N-Alkylation: 2 mmol of the suitable phenacyl bromide
(prepared according ref. 26b) was slowly added to a mixture
of 2 mmol of the suitable arylamine and 300 mg of NaHCO₃
(the order of addition of the reagents is not normally of
consequence, but it is important to use the method described
here in the case of the anisidine derivatives, which otherwise
lead to dialkylation products). The reaction mixture was
stirred at r.t. with occasional cooling in tap water, soon
becoming semisolid and finally solid. This solid was kept at
r.t. for 3 h, when completion of the reaction was verified by
TLC. Then, H₂O was added to the mixture and the separated
solid was filtered, washed with H₂O, and dried, giving
materials with sufficient purity for the next step. If desired,
the N-phenacylanilines can be recrystallized from EtOH.

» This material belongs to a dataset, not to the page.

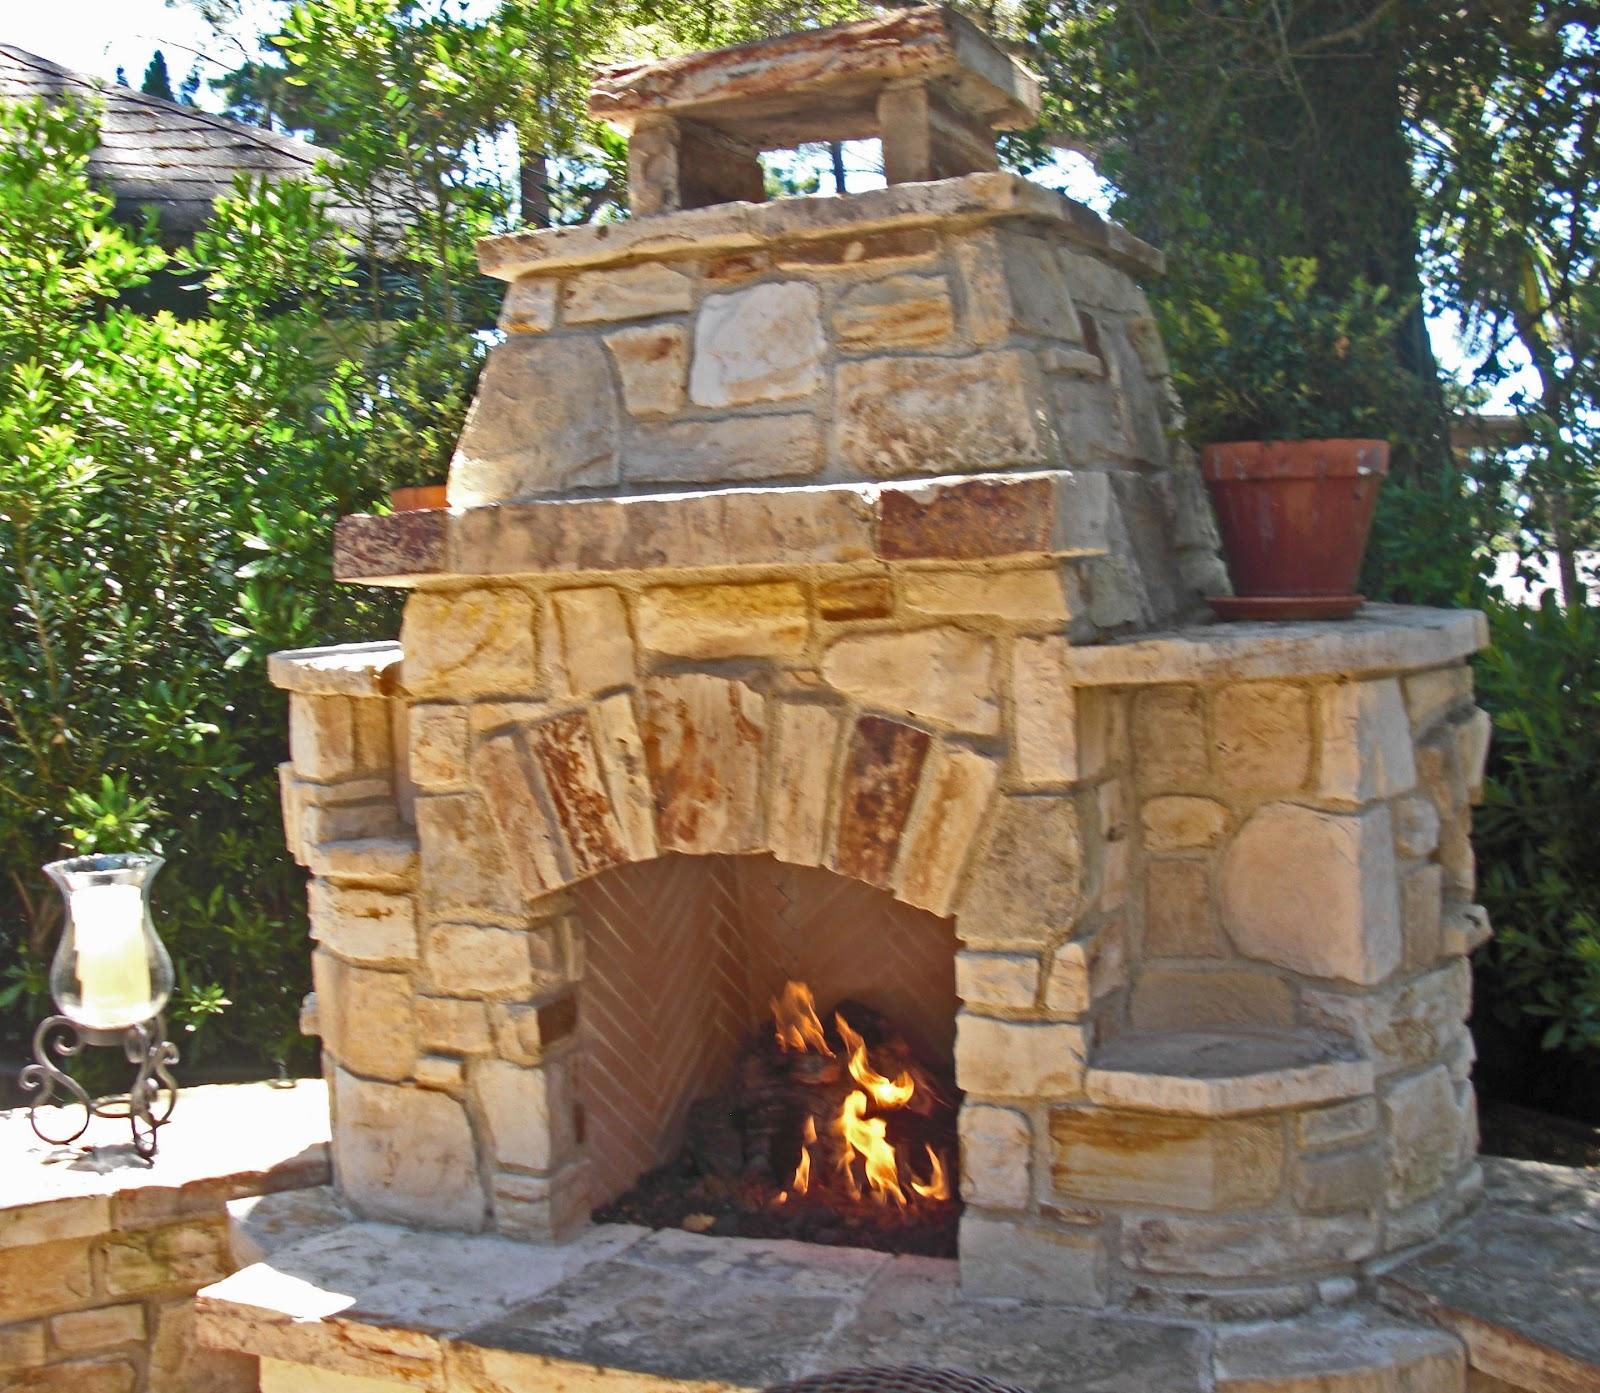 carmel house and garden tour 2012 hugh comstock adventures of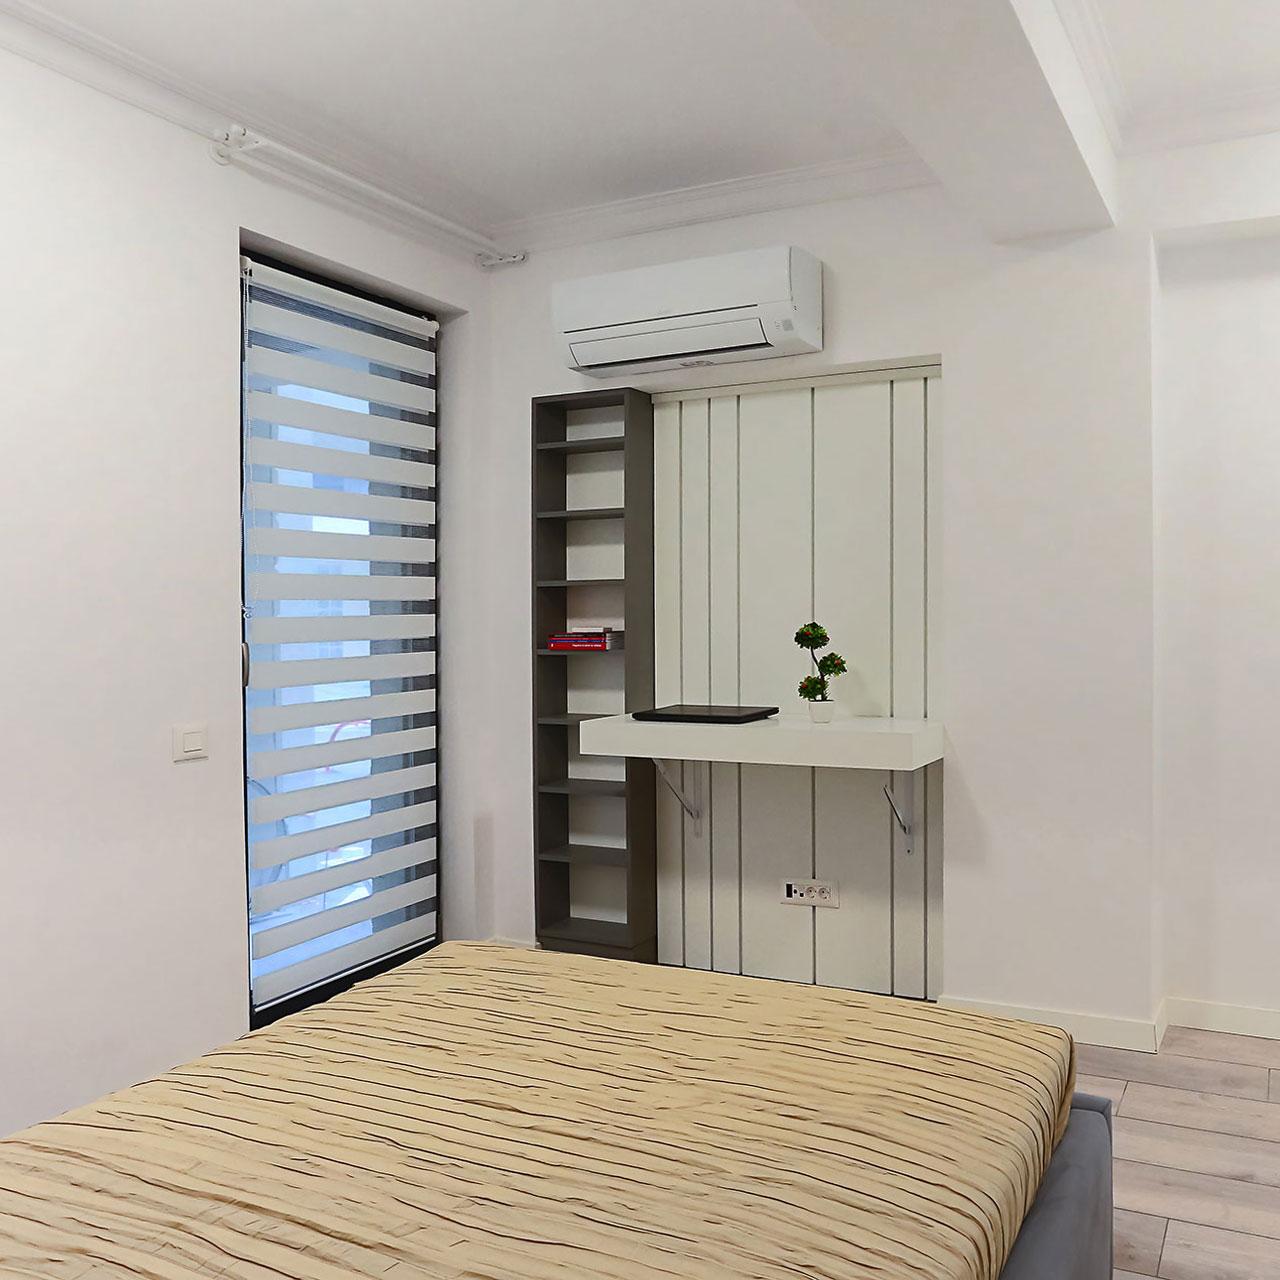 Apartamente de vanzare Bucuresti - Catedral Residence - Marriott, Piata Unirii, 13 Septembrie, Izvor - G2 - 7

Cyclization: a mixture of 1 mmol of the suitable N-phen-
acylaniline and 1.5 mmol of the corresponding anilinium
hydrobromide with 3–4 drops of DMF was irradiated in a
domestic microwave oven at 540 W for the time period
specified in Table 1. After completion of the reaction the
mixture was loaded onto a silica gel column and pure 2-
arylindoles were obtained by chromatography, eluting with
a gradient starting from 9:1 PE–EtOAc. Alternatively, the
mixture could also be extracted with EtOAc, washed with
H₂O, dried and evaporated before chromatography. All
indole derivatives were previously known, and showed the
expected ¹H NMR and ¹³C NMR spectra, and melting points
very similar to those previously described (Table 1).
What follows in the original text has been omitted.